Welcome to the modular implementation and profiling tool that will make you long for the days before you mastered memory allocation.
Memory allocation is a powerful tool when managed with even a glimmer of understanding.
However it is also an area of systems programming prone to misunderstandings, assumptions, and micro-benchmarks of heavily disputed relevance, leaving the field feeling intimidating to some and not worth the headache to others.
I assure you the reality is a lot easier to wrangle, and a spoonful of Nostalgia will help the memory faults go down.

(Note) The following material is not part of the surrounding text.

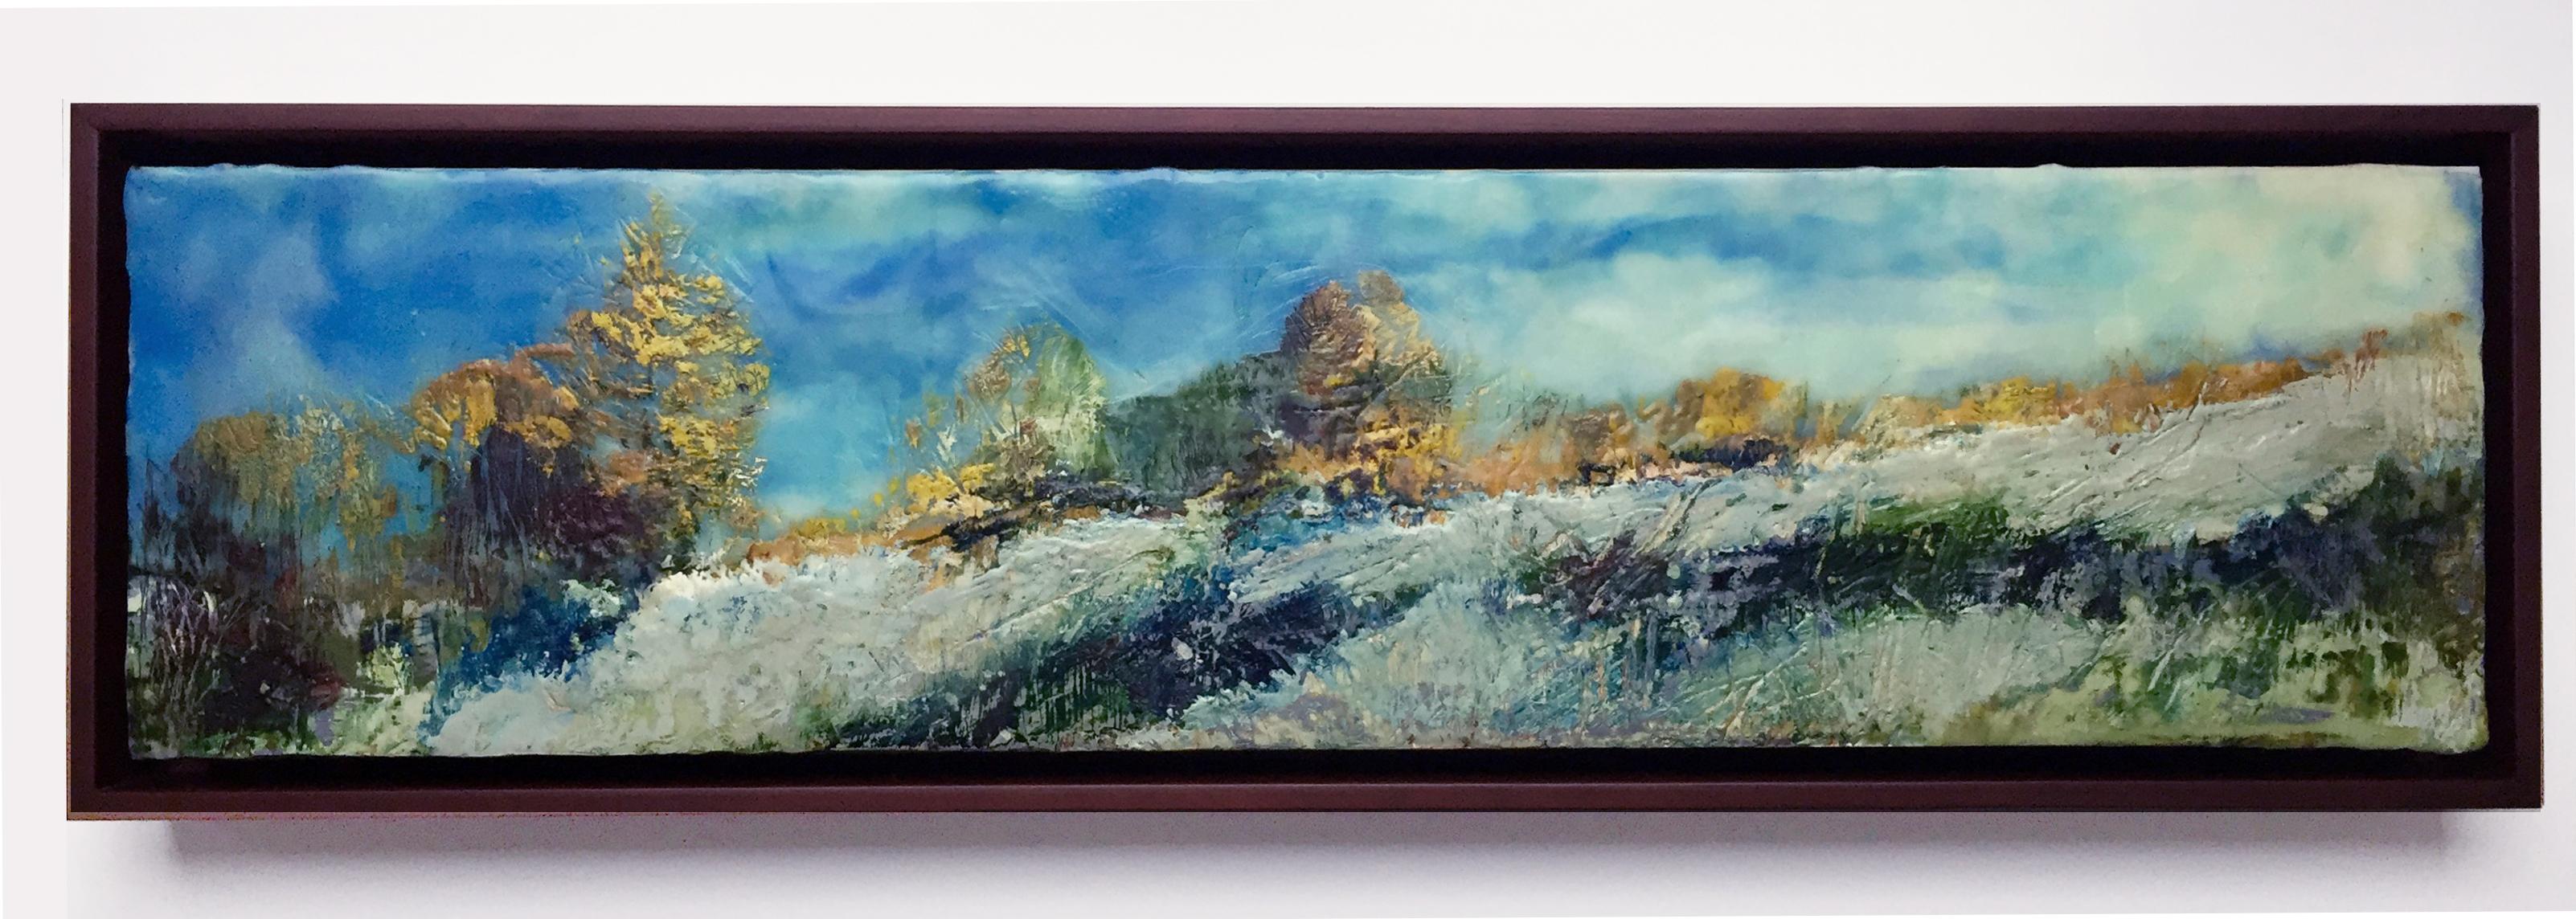 Regina Quinn  Landscape Painting - "Autumn Frost", oil painting, encaustic, landscape, clouds, sky, field, Vermont

- Precompiled Windows (MSVC) and MacOS (Clang) Releases are available.
Compiling Instructions
-
Requirements: Vulkan SDK
-
CMake will fetch Dear ImGui, ImPlot, and json (nlohman) - while SDL3 comes included with nostalgia.
-
Debug presets are included but benchmarking should always be run in release mode.
-
Windows CMake Preset:
cmake --preset windows-msvc cmake --build --preset build-release-msvc
-
MacOs CMake Preset:
cmake --preset macos-clang cmake --build --preset build-release-macos
nostalgia is an ongoing side project I’m constantly expanding, for the full scope of what is included and what’s coming next you can check the Notion roadmap.
⚠️ Note on Code Structure
This project makes heavy use of macros and
.inlincludes to reduce boilerplate and enforce consistency across a wide set of allocator implementations.While this can reduce conventional readability, it's intentional - designed to facilitate accurate benchmarking of different templating, override strategies, and polymorphic implementations without duplicating logic or introducing structural bias.
In short: the code structure serves the benchmarks, not the other way around.

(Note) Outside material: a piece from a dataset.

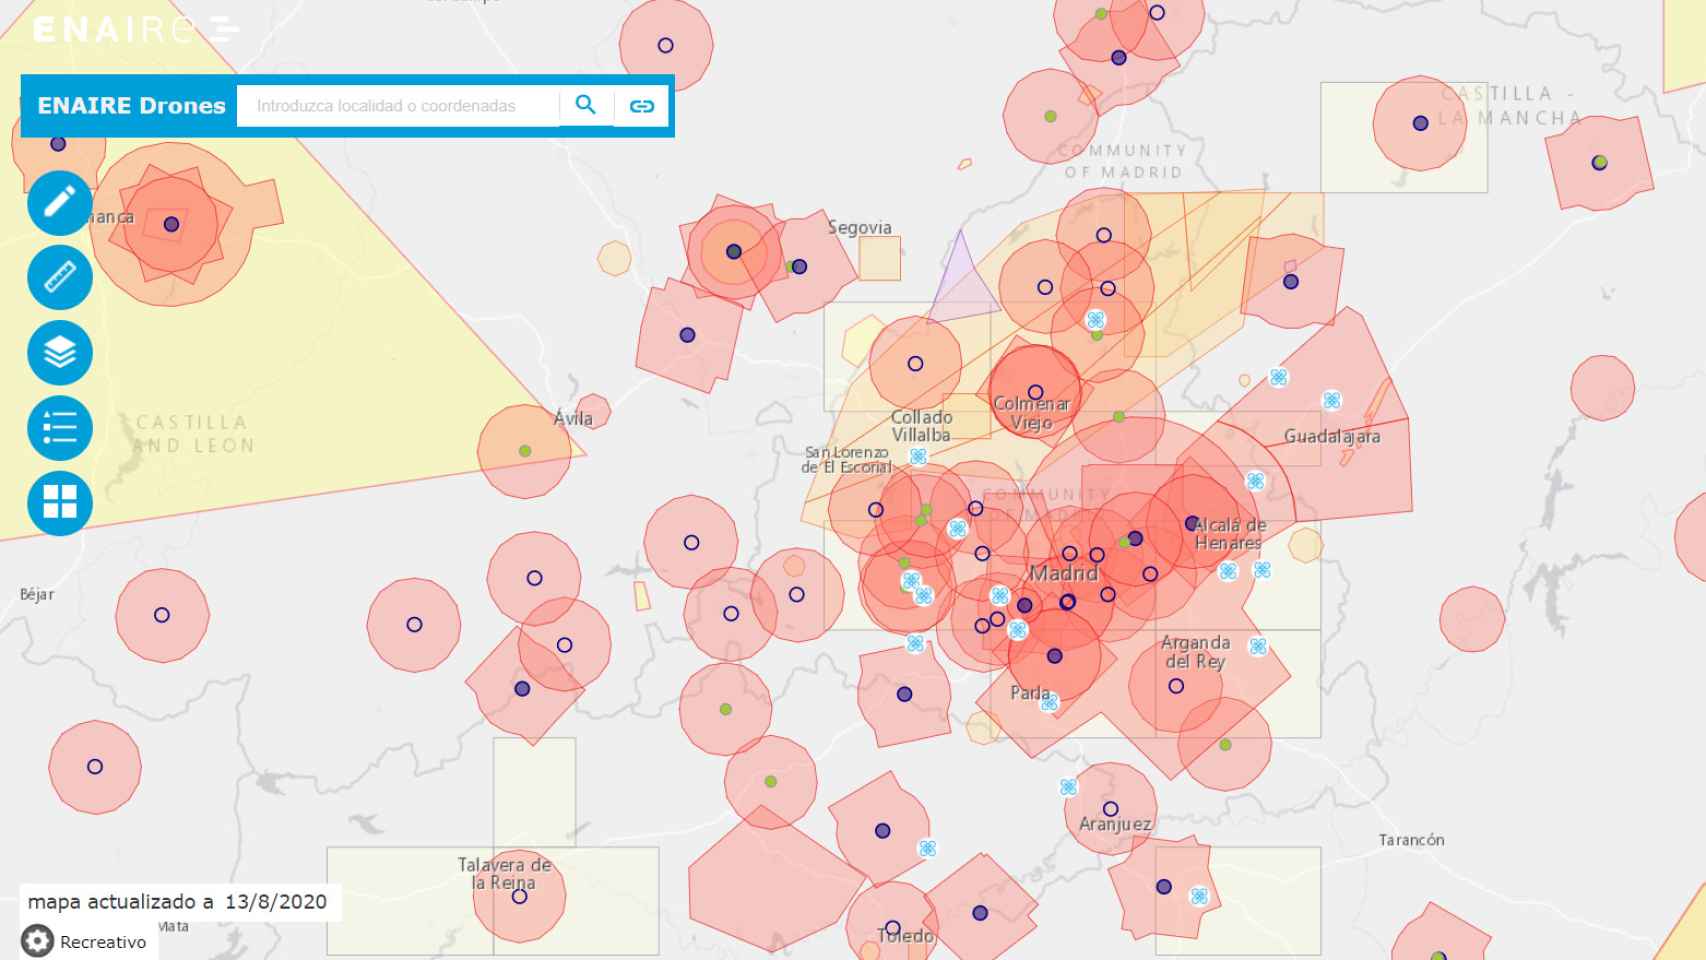 Mapa de Enaire sobre el vuelo de drones

What started as a library of custom allocator methods, I started rewriting into a benchmark tool for more thorough comparison and communication of the subtleties between implementations. I intend to eventually bundle nostalgia with realtime visualisation tools, as per the roadmap.
- Allocator Type - how memory is managed internally (linear, pool, stack…)
- Implementation - how the allocator is exposed and accessed in code (override, template…)
- Usability - how easily others can use it, migrate to it, or avoid misusing it
Nostalgia explores all three — not just as abstract ideas, but through measurable, profiled, and documented examples.
Memory Allocation is often focused on in isolation as a discussion of allocator types and their use-cases, which is vitally important, but the allocation / allocator types themselves are only one of three pillars we need to become fluent in to make the right decisions for memory allocation in any individual system.
To provide some common ground understanding, here is a simplified visualisation of how memory allocation works from the hardware up.
The Hardware Level
- The CPU is surrounded by a tiny pool of our fastest memory - SRAM, the L1, L2, L3 caches.
- One step away we have the (~10x slower) DRAM.
- One more step away we have the disk storage (~100’000x slower than DRAM).
This is the physical hardware memory as it exists on our systems, but its not how we address it programmatically or think about it in software terms. This is because, unavoidably, our programs are going to use more resources than can fit entirely in the SRAM, or entirely in the DRAM, so we try to move those resources around to ensure we are able to access them as quickly as possible when we need to.
We therefore need to understand the “Virtual Memory” that our code actually interacts with.
- While the physical memory caches data in Physical Pages, in software terms we’re actually referencing an abstracted Page (Look Up) Table.
- The Page Table keeps track of whether the data it represents is currently cached in a Physical Page in RAM or whether it needs to be loaded from a Virtual Page that’s on the disk → into the RAM first (aka a page fault).
- You may be asking “Why isn’t all the Virtual Memory just in the RAM already if we’re referencing it?” and good question - that’s because Virtual Memory can be a lot larger than our Physical Memory, and this is the feature that enables us to seamlessly* shuffle the new data we need IN and the old data we aren’t using back OUT.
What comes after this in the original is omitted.